# Squirrel recipes



## 79gmcjimmy (Dec 20, 2009)

Anybody have some good ways to cook up some squirrels. I've been thinking about putting some in my smoker 

posted using Outdoor Hub Campfire


----------



## nick burk (May 3, 2012)

I usually coat in frying magic then Fri in butter 

posted using Outdoor Hub Campfire


----------



## motorcityhtps (Mar 1, 2010)

Now I've tried smoked muskrat before and between the gaminess of the muskrat and the smoky flavor, I did not like it. I would imagine squirrel would be similar. I like bbq pulled squirrel, squirrel and rice where I cook the squirrel in the slow cooker and eat it like a drumstick. Those are my favorite ways to eat them.


----------



## STEELHEAD JUNKIE (Feb 20, 2010)

Take squirrel and place in pressure cooker for 20-30 minutes. Until they are falling off the bone. Roll in flour and fry in a cast iron skillet until golden brown. Salt and pepper to taste.

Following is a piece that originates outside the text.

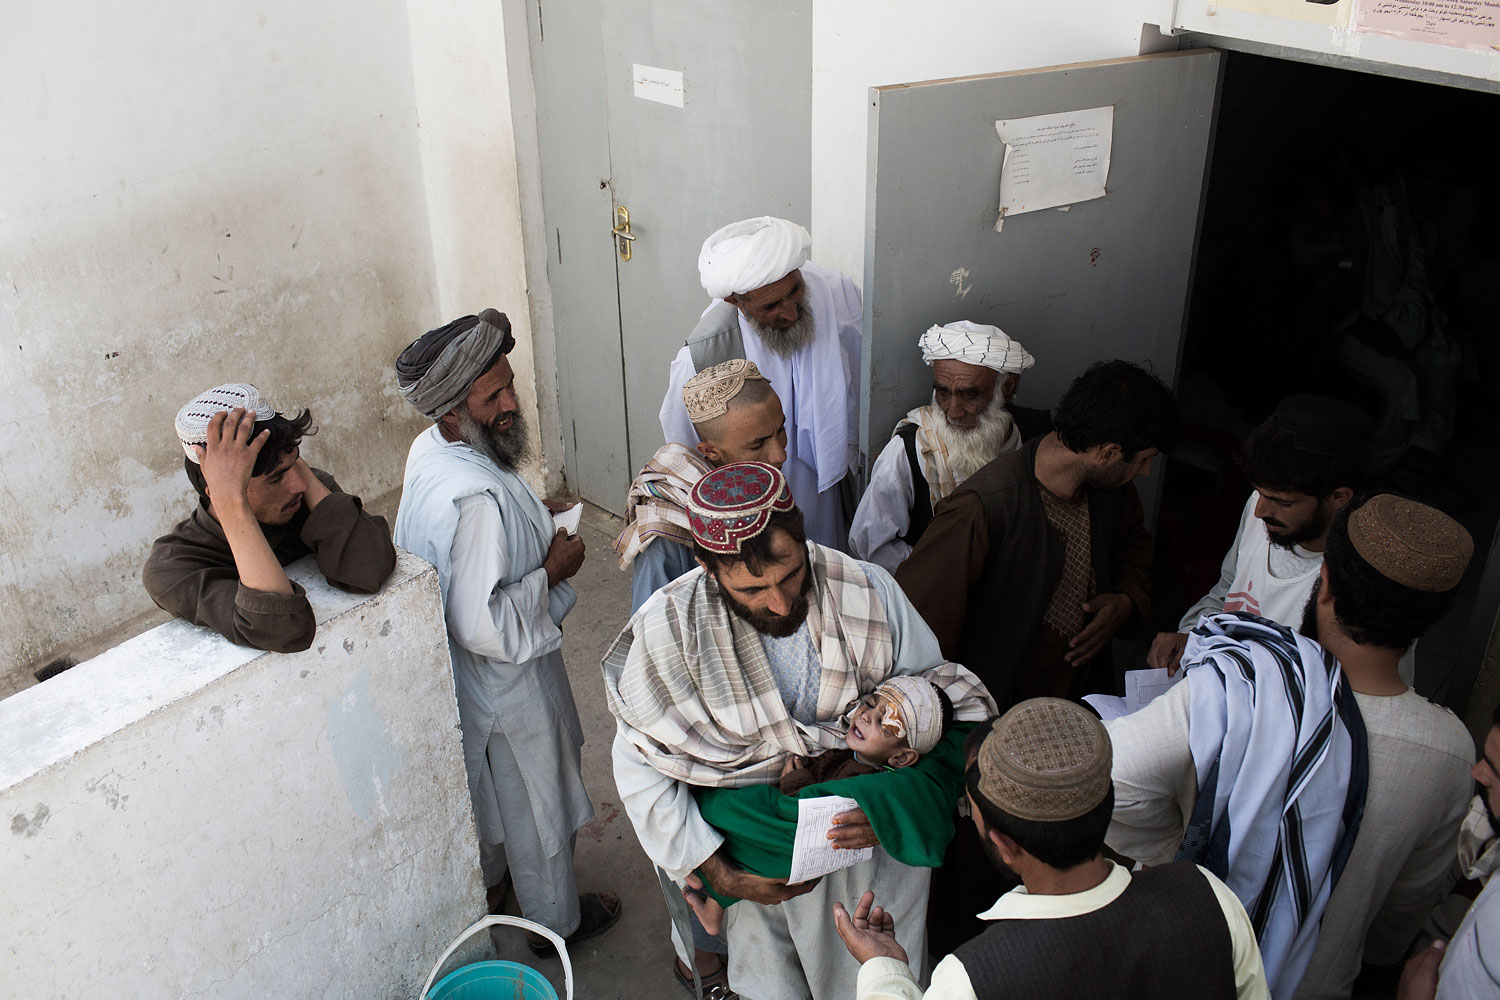 Patients and visitors gather at the door of OPD at Boost Hospital in Lashkar Gah, Helmand province, Southern Afghanistan. The provincial hospital, supported by MSF, is one of only two functioning referral hospitals in southern Afghanistan. Helmand is one of the most conflict-affected provinces in the country.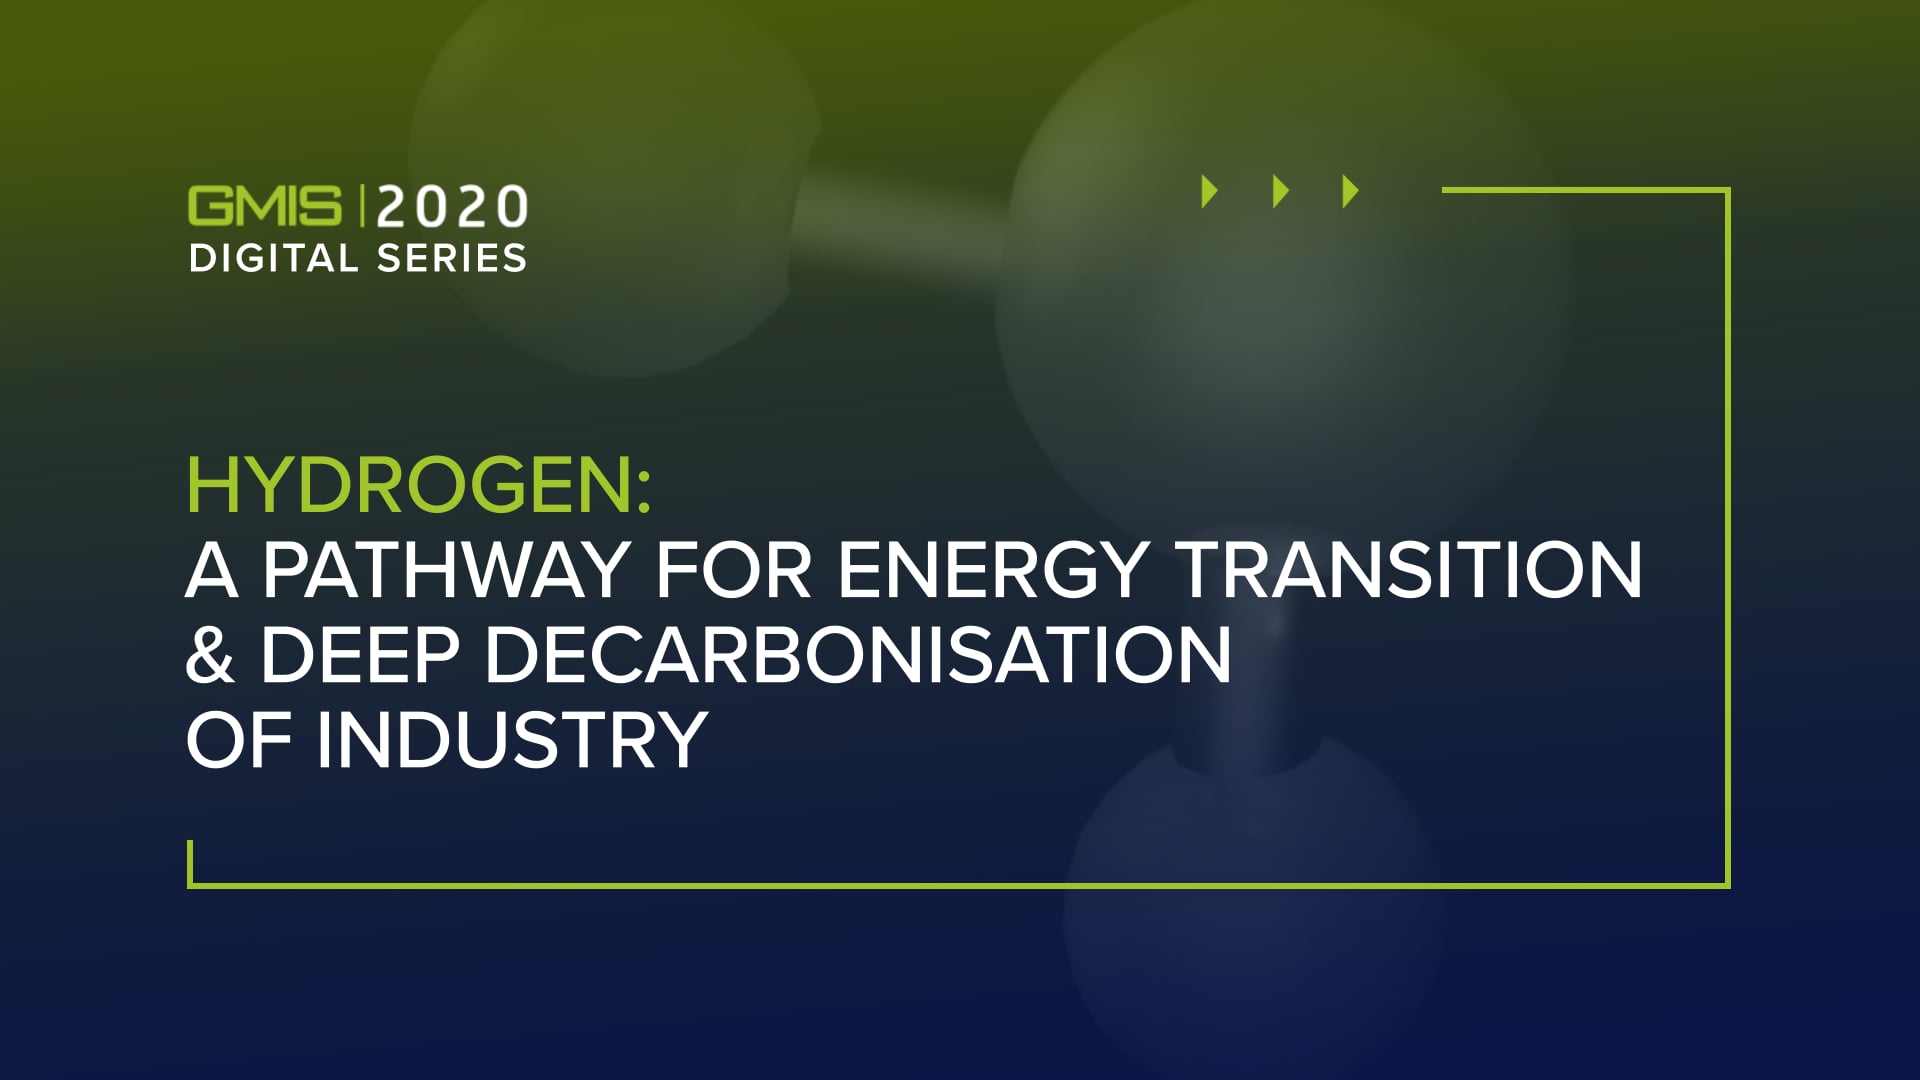 Hydrogen: A Pathway for Energy Transition and Deep Decarbonisation of Industry

Dont forget to make the fried potatoes and make some gravy. So good you wont believe it!


----------



## 79gmcjimmy (Dec 20, 2009)

Looks like I need to quit chasing the coyotes so hard and start shooting some of my monster corn fed fat squirrels

posted using Outdoor Hub Campfire


----------



## anon2192012 (Jul 27, 2008)

If you get enough, take the meat off the bones and grind it. I then make salami with it mixed w ground pork.

posted using Outdoor Hub Campfire


----------



## emason323 (Nov 9, 2007)

I screw mine up all the time when i fry them so i switched to doing it this way and it's delicious, quick, and easy.


----------



## anotherbadname (Aug 16, 2012)

Cut in half length wise, season (I like alot of pepper), sear in a hot cast iron (or other oven safe pan).

In a small bowl combine, cream of mushroom soup and 3-4 Tbls. worcestershire sauce.

Pour soup mixture over squirrel and back in a 300 degree oven until tender. About 1-1.5 hours. 

Serve over rice or mashed potatoes.


----------



## PuddleJumper (Sep 23, 2009)

Par boil them (1.5hrs) and substitute for any cooked chicken recipe.

If they are young, no need to boil them. 

You can par boil the quarters and save out the backstraps. The backstraps are good just like they are- bone out, cook, and slice into tiny medallions. 

Enjoy.


----------